JAN PYPERS
These are places where silence and stillness set the tone. However, the daily routine in the works of the Belgian artist Jan Pypers (b. 1982) also has considerable tension, despite its static nature. Within the desolate silence of Pypers’ compositions, there is space for questioning, memory and your own imagination. Is something about to happen? Logic is missing before our voyeurism sets in. With his background in film, Pypers approaches his images with a keen cinematographic eye, and this is in line with the work of the greatest cinematographic masters of now and then.
The decor in Pypers’ sculptures is a place where nature and people interact: where figures are in the woods, surrounded by water, or accompanied by an animal. The relationship between man and nature plays a major role in this work. It is surprising, but these forests, waters, animals, and the cinematic image in which they appear in reality show a scale model carefully built by the artist, which he provides with digital post-processing.

Much like the works of Pypers, many of our memories are carried by their vivid details. Alienated and at a distance, we watch, filling in the gaps of the incomplete story with our imagination.

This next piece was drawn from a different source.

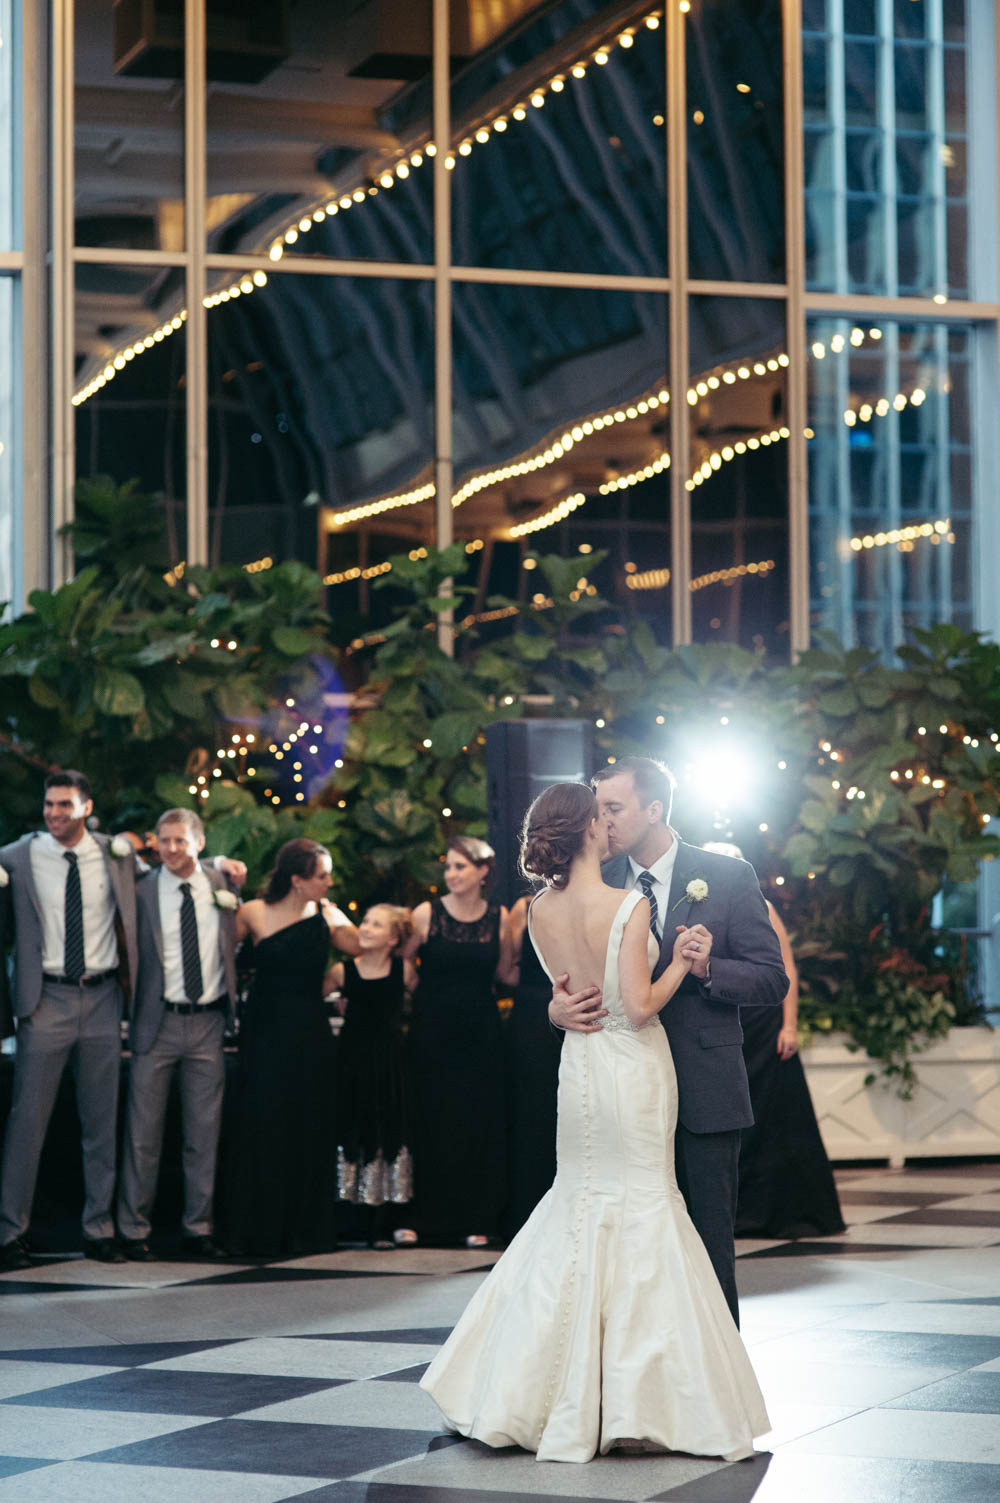 wintergarden-wedding-pittsburgh-121.jpg

Like weaving together the most curious elements from a dream, of which only the details remain.





Retaining total control, Pypers uses his models and digital skills to determine aspects such as light, perspective and atmosphere down to the smallest detail, after which he destroys the model, and the photo is the only final result.



Pypers’ work tells a story, but also invites the viewer to fill in parts for themselves. No one notices. Only the fox, which feels like a voyeur.